DATA Start Marker
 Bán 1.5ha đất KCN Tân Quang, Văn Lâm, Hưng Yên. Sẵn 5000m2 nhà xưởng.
DATA End Marker
DATA Start Marker
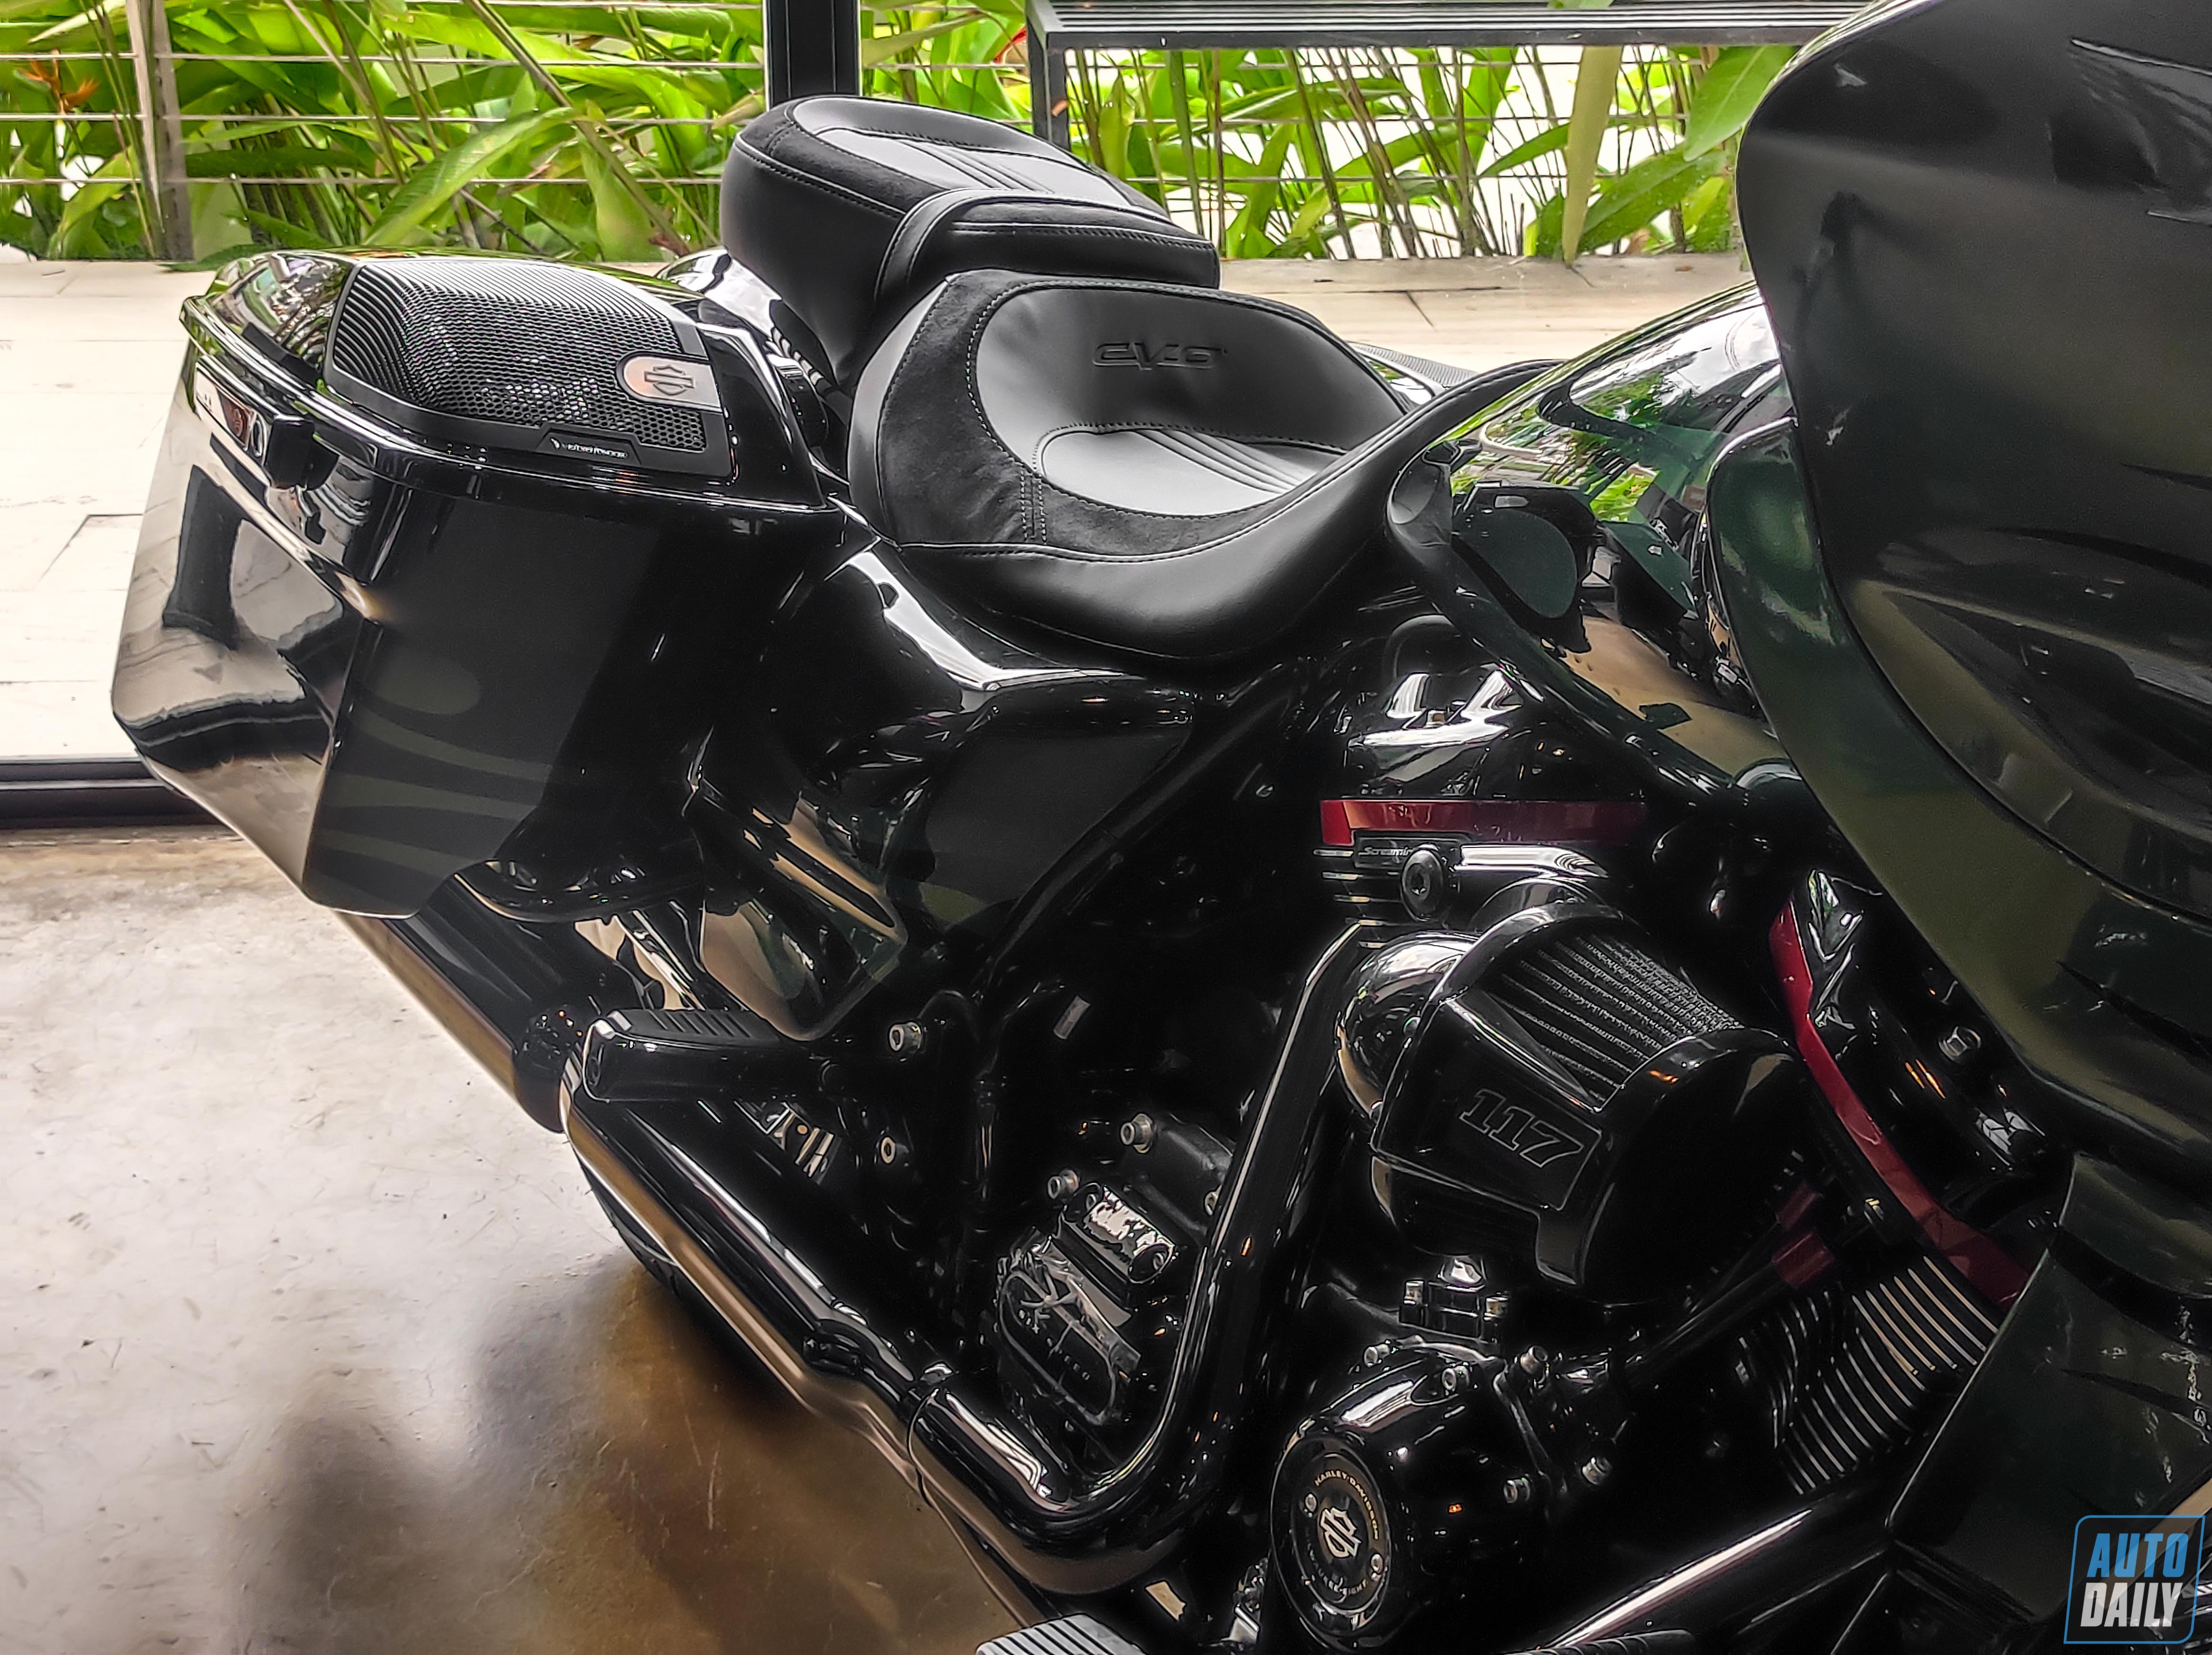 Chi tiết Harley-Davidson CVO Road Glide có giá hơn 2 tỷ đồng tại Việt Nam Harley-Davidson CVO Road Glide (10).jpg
DATA End Marker
DATA Start Marker
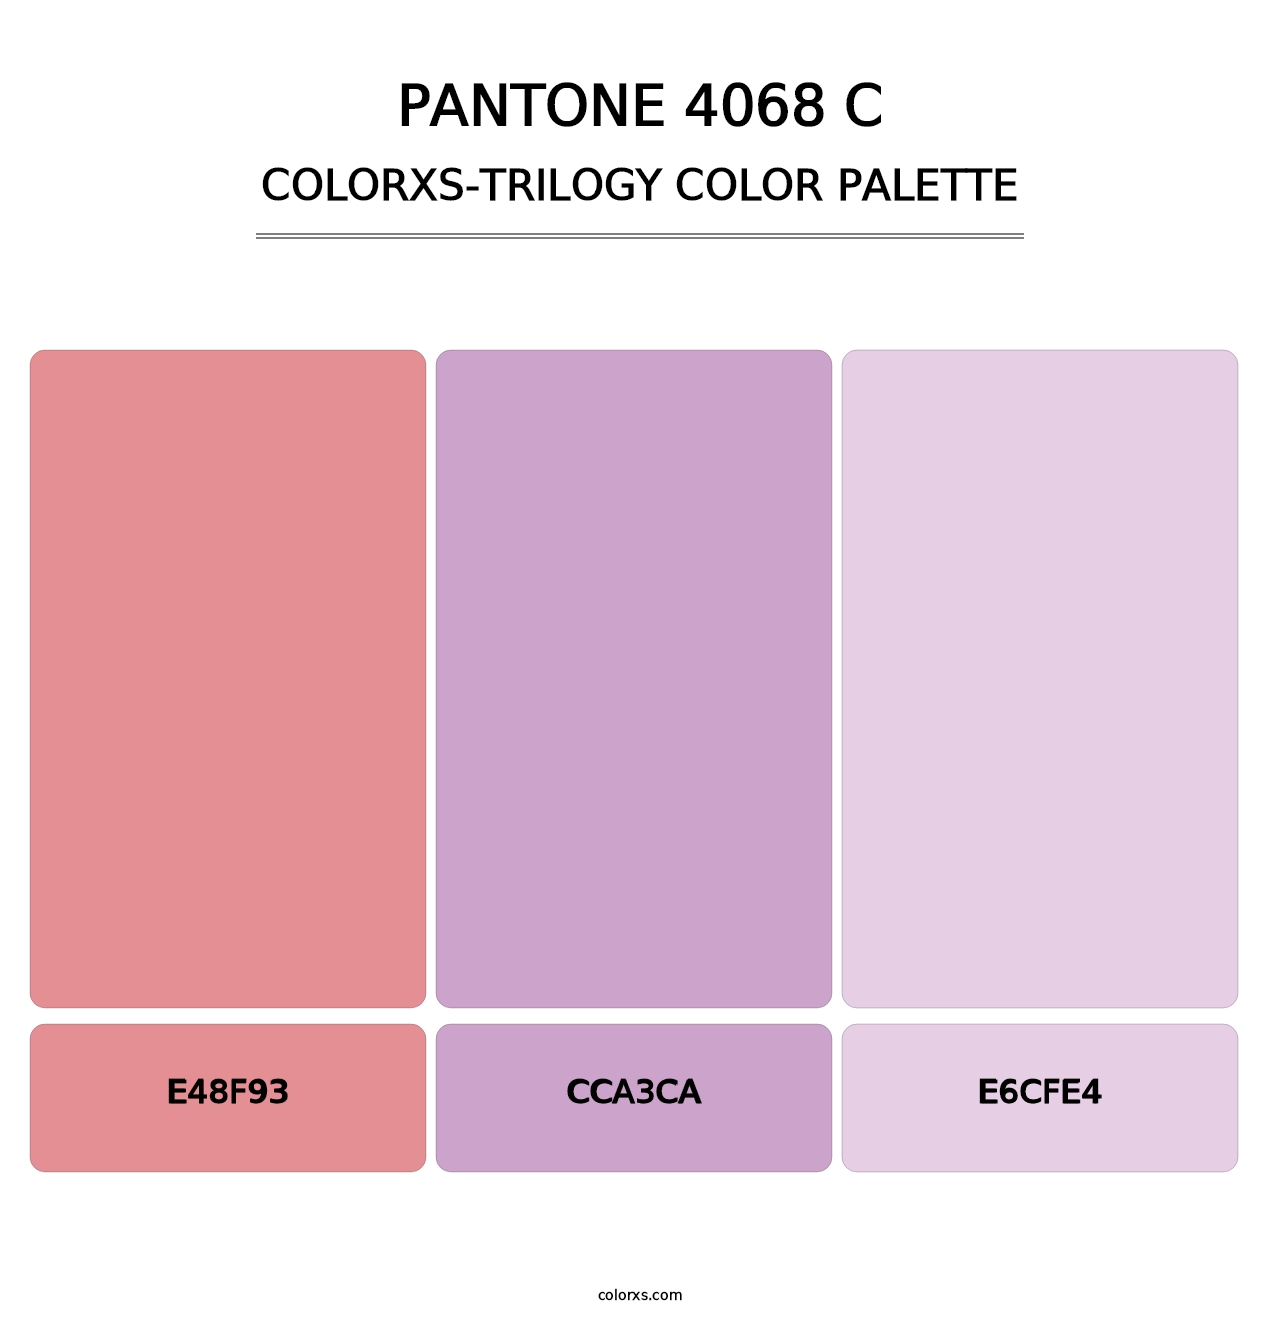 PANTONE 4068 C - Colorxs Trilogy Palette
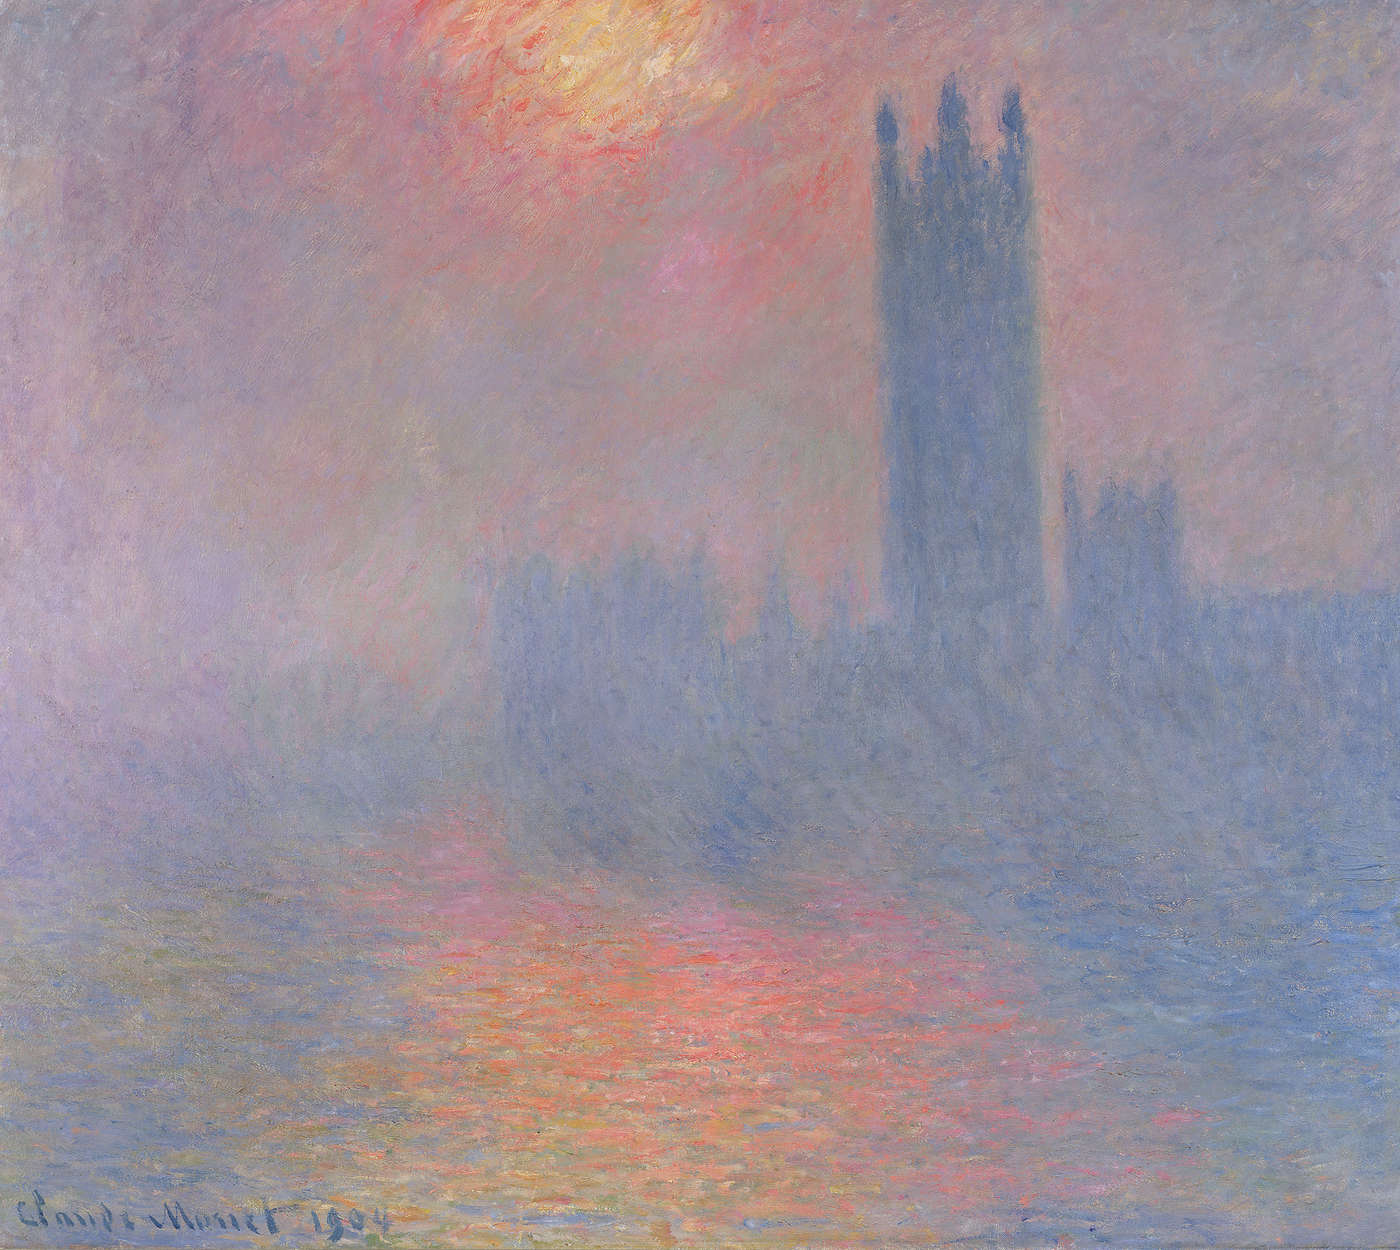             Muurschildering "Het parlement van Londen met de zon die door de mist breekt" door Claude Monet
DATA End Marker
- TO DO
Out of the records above, return only the lines from the one with "PANTONE 4068 C - Colorxs Trilogy Palette" through the one with "door Claude Monet", exactly, and none of the pictures.

- TASK SOLUTION
 PANTONE 4068 C - Colorxs Trilogy Palette
             Muurschildering "Het parlement van Londen met de zon die door de mist breekt" door Claude Monet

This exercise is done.